The ISI Datamart REST endpoints is http://localhost:14080/
.
Once database is up and running, run this script (first time only) to create SQL views for variable search
python script/create_search_views.py
After adding more data to the database, please run,
python script/refresh_search_views.py
IMPORTANT: refreshing SQL views is vital to ensure country and admin level search working
Datasets
The Datamart comes with a few datasets pre-loaded. They include data from OECD, FSI, UAZ and WGI.
Managing the Datamart Database
Backing up the existing database
To backup the current Postgres database, run
docker exec -it datamart-postgres /bin/bash
# From inside the docker container
pg_dump --user postgres wikidata | gzip > /backup/datamart-backup.sql.gz
The backup file is place in the dev-env/data/postgres
directory.
Adding datasets directly to the database
To add additional datasets in the form of a TSV file, switch to the scripts directory and run
python import_tsv_postgres.py <filepath/to/tsv/file>
The script assumes the default Postgres username and password in config.py
.
Shutting down the dockers
To bring the docker down, from the docker
folder, run
docker-compose down
This command safely shut downs the dockers, saving the database. Next time dockers are brought up, the data will still be there and the load time is considerably faster than the first time.

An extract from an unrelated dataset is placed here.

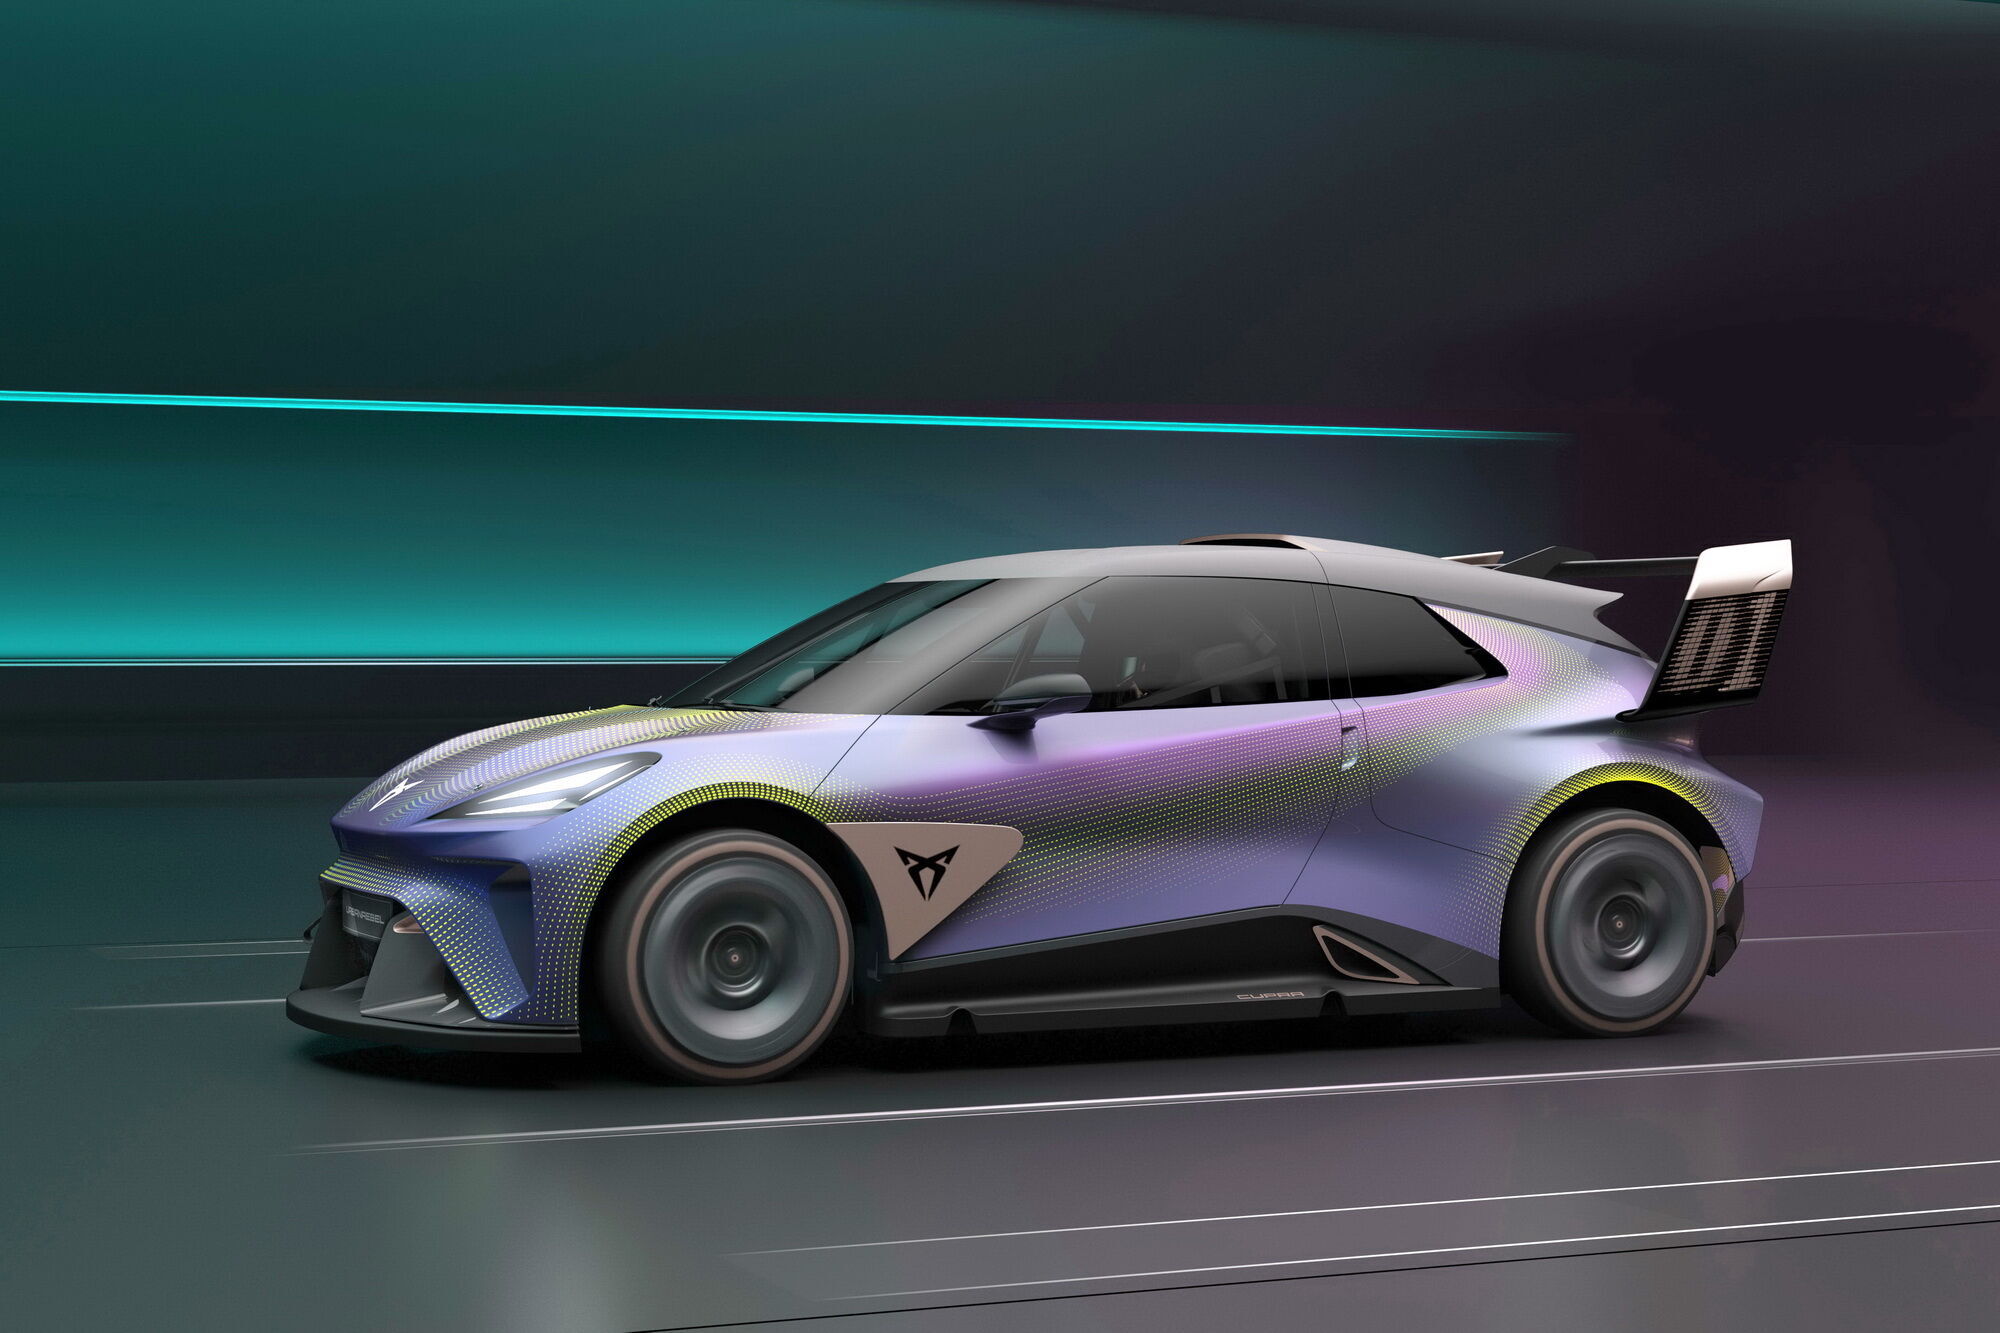 Автомобіль дозволяє отримати перше враження про нову модель на електротязі, дебют якої запланований на 2025 рік

Wiping existing database and updating with new content
To delete the existing database use the --volumes
option to bring down docker compose. This command destroys the postgres
volume.
docker-compose down --volumes
IMPORTANT: this command will wipe out the database. To simply shutdown the docker, run docker-compose down
instead
Replace the dev-env/data/postgres/datamart.sql.gz
file with the new .sql.gz
file.
And, restart the system.
docker-compose up